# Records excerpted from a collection
"""
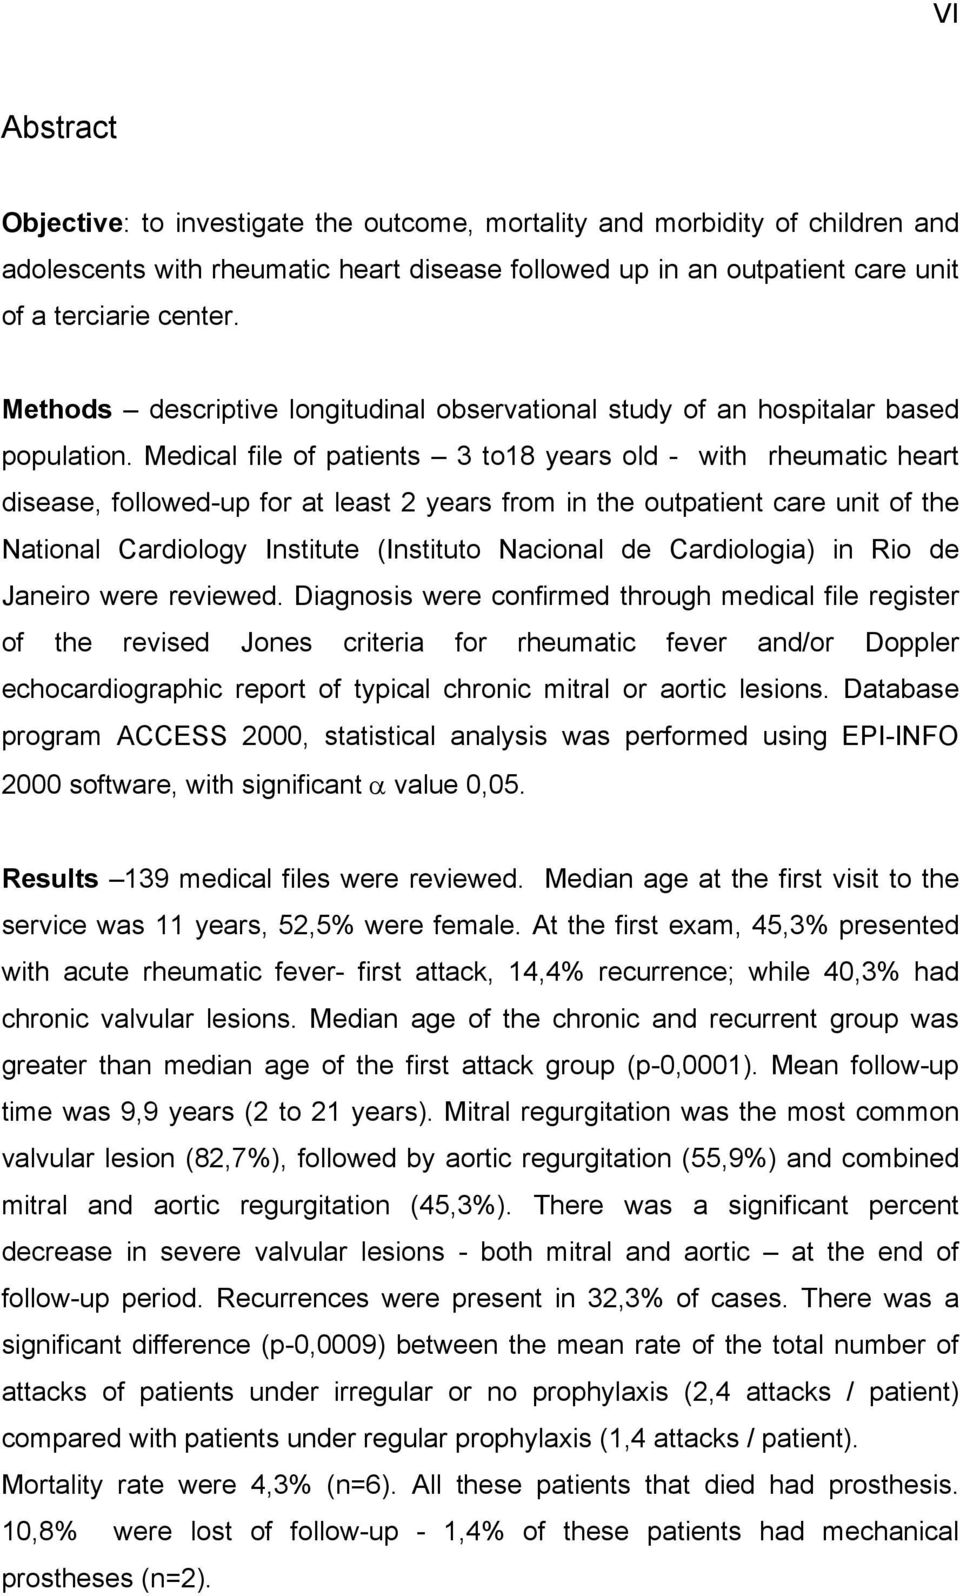 Medical file of patients 3 to18 years old - with rheumatic heart disease, followed-up for at least 2 years from in the outpatient care unit of the National Cardiology Institute (Instituto Nacional de
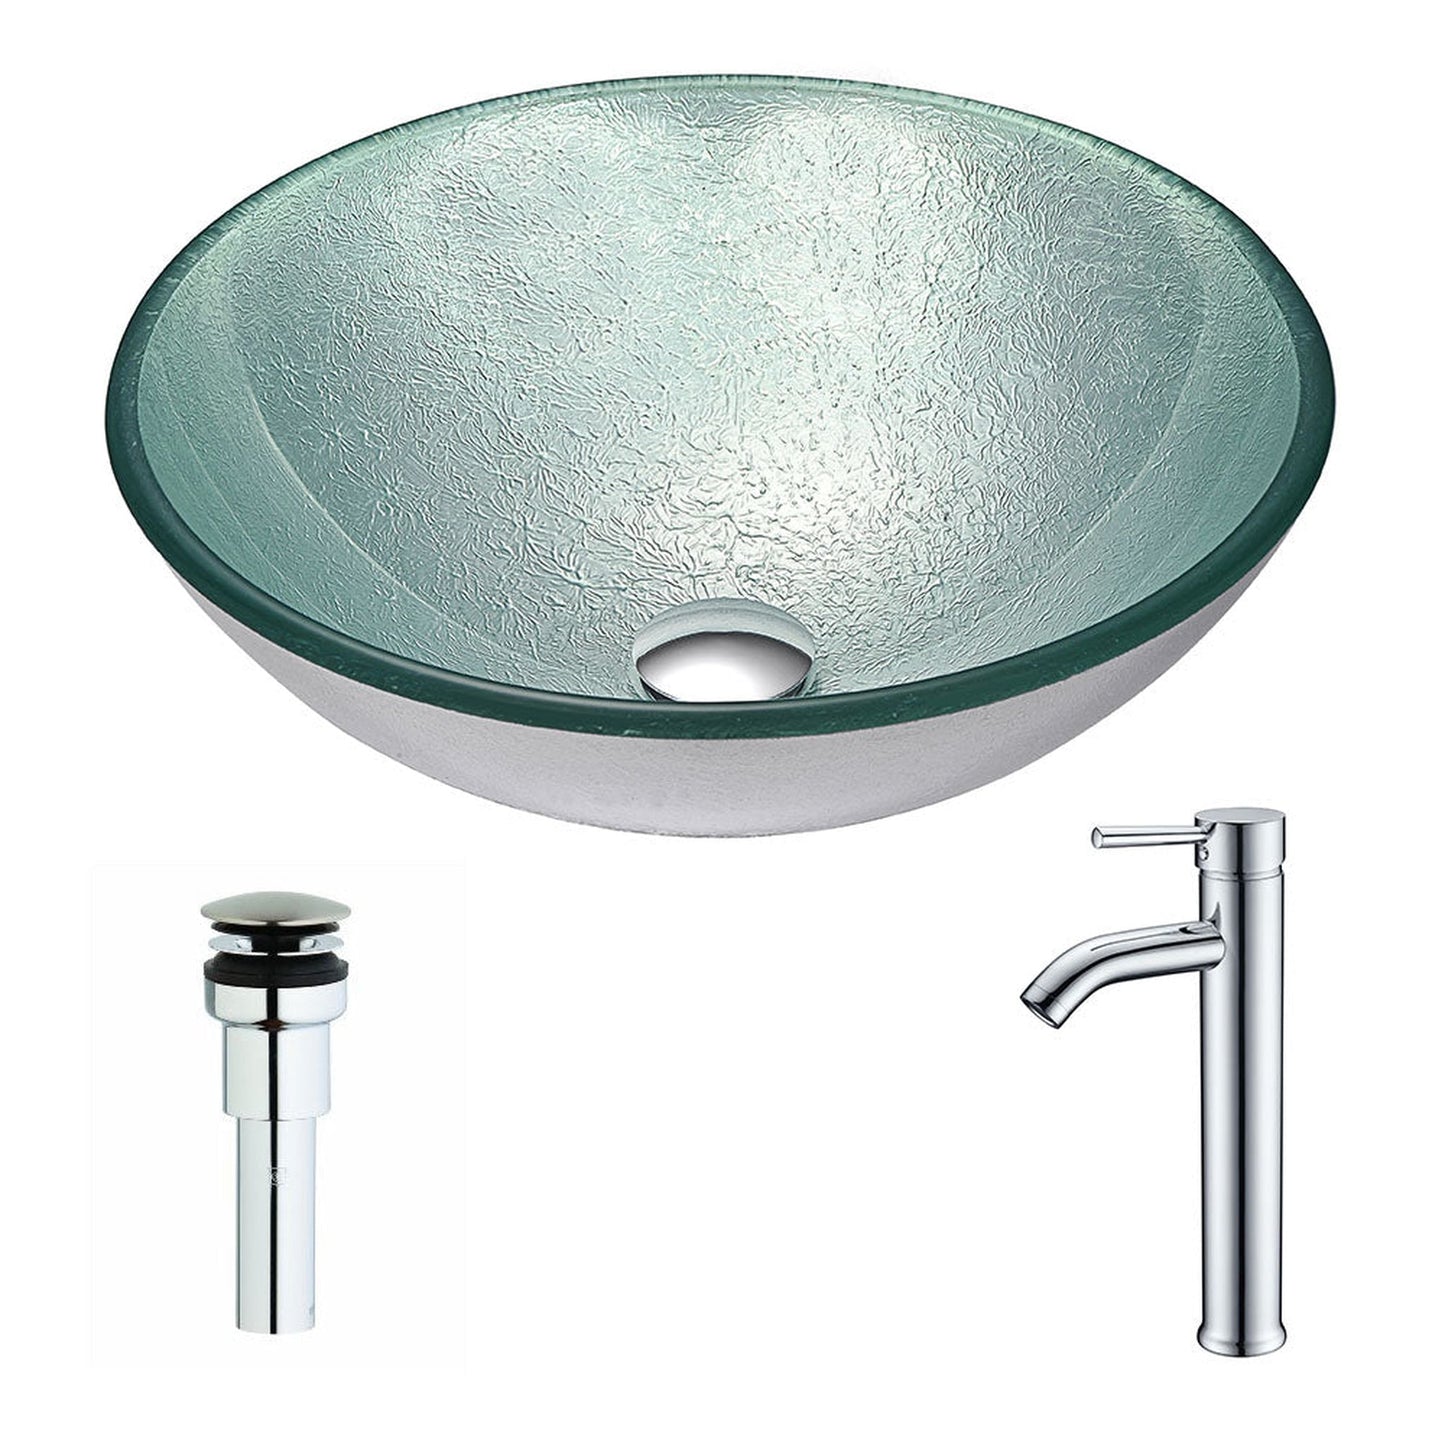 ANZZI Spirito Series 17" x 17" Round Churning Silver Deco-Glass Vessel Sink With Chrome Pop-Up Drain and Brushed Nickel Fann Faucet
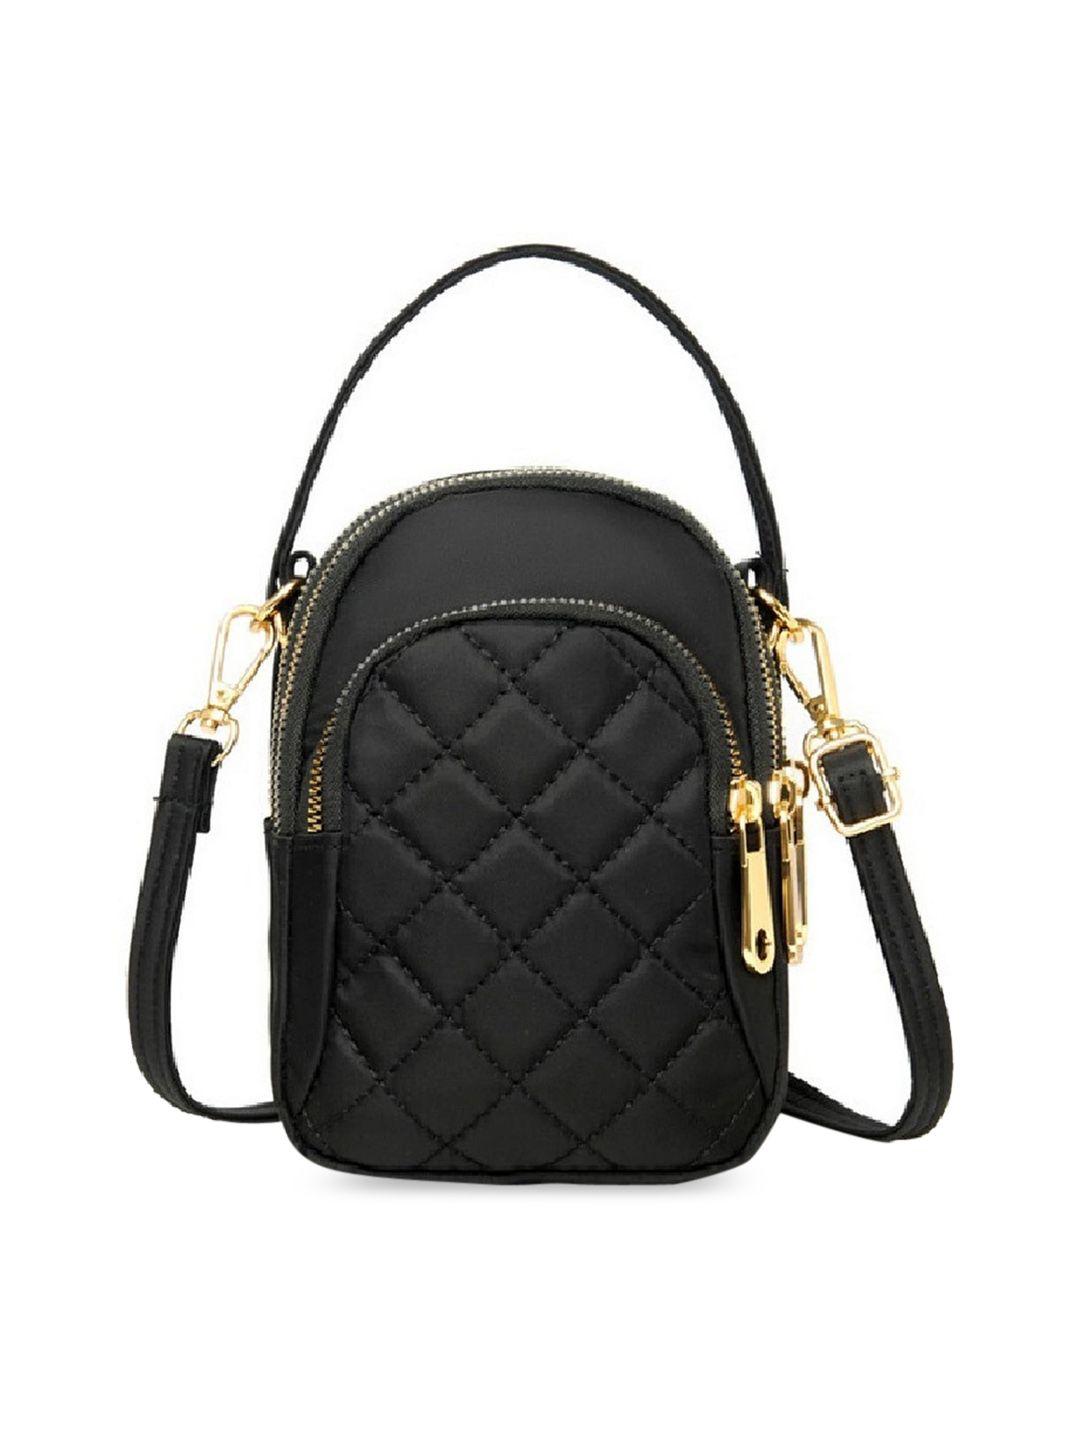 diva dale black structured sling bag with quilted
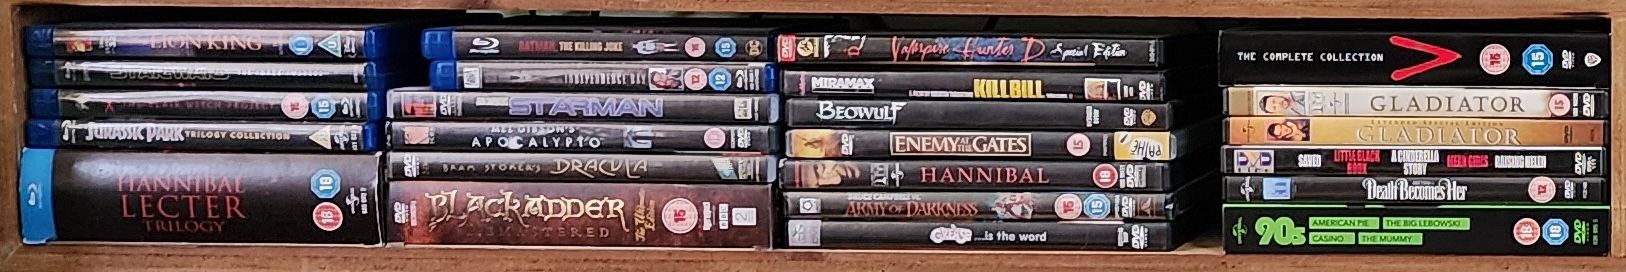 A small movie collection comprised of DVDs and Blu Ray discs.
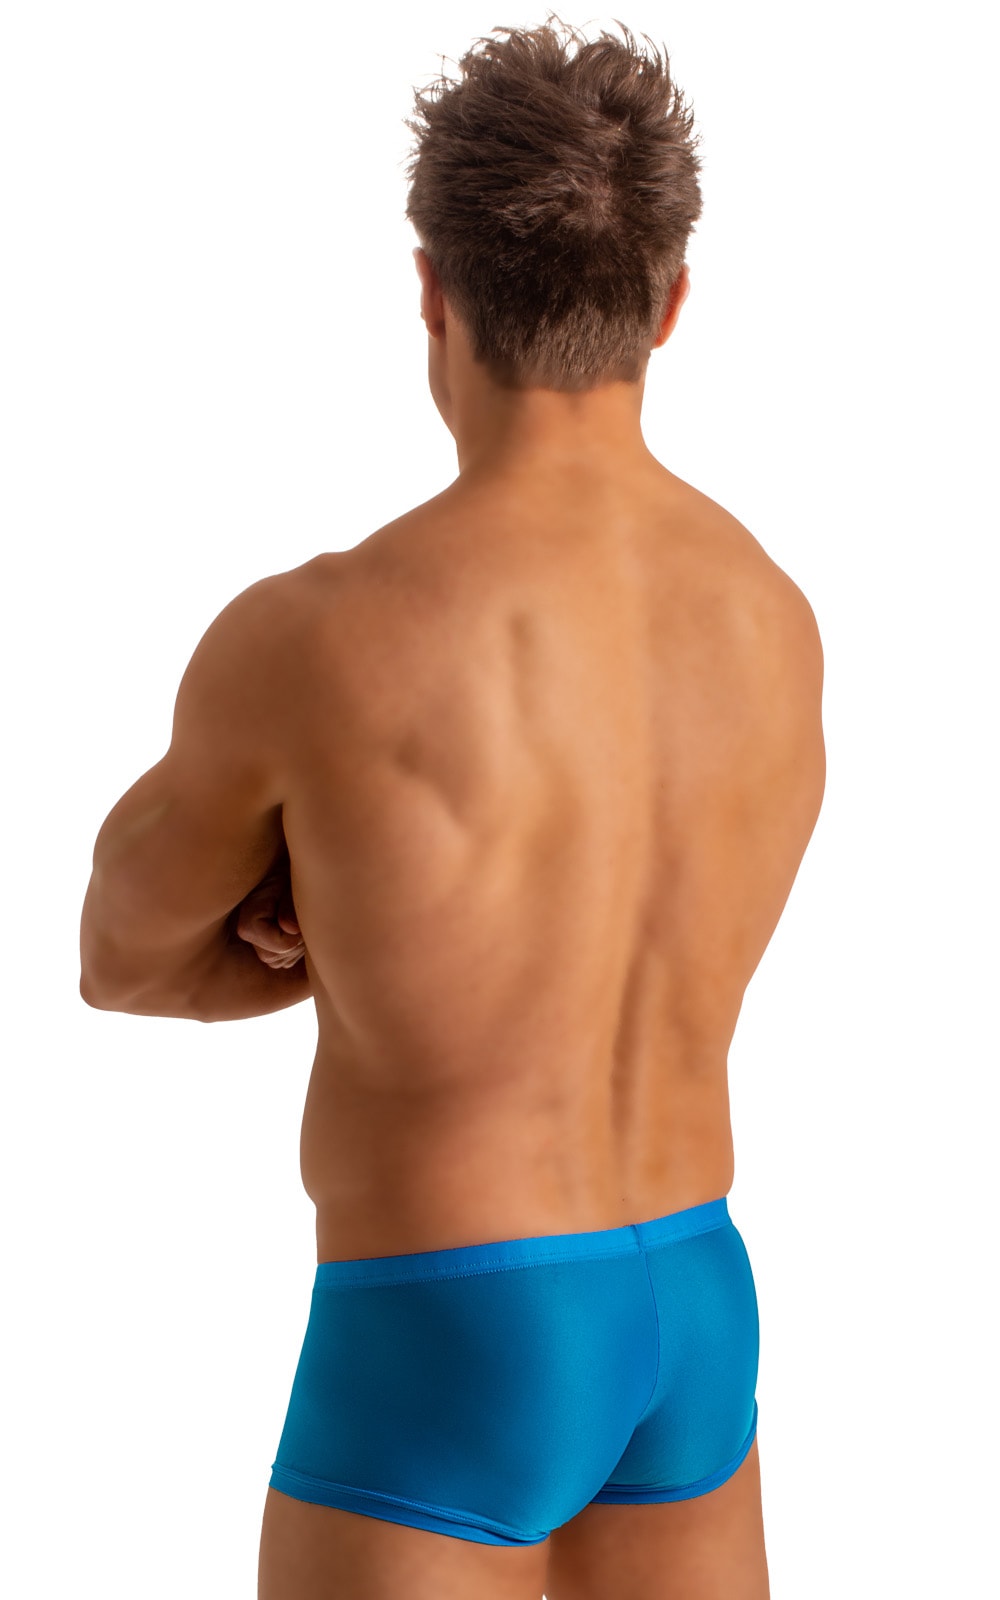 Extreme Low Square Cut Swim Trunks in Super ThinSKINZ Turquoise 2
"""
# Task brief
Return every line of the records exactly as given, pictures excluded.

# Your solution
 Medical file of patients 3 to18 years old - with rheumatic heart disease, followed-up for at least 2 years from in the outpatient care unit of the National Cardiology Institute (Instituto Nacional de
 ANZZI Spirito Series 17" x 17" Round Churning Silver Deco-Glass Vessel Sink With Chrome Pop-Up Drain and Brushed Nickel Fann Faucet
 diva dale black structured sling bag with quilted
 A small movie collection comprised of DVDs and Blu Ray discs.
 Extreme Low Square Cut Swim Trunks in Super ThinSKINZ Turquoise 2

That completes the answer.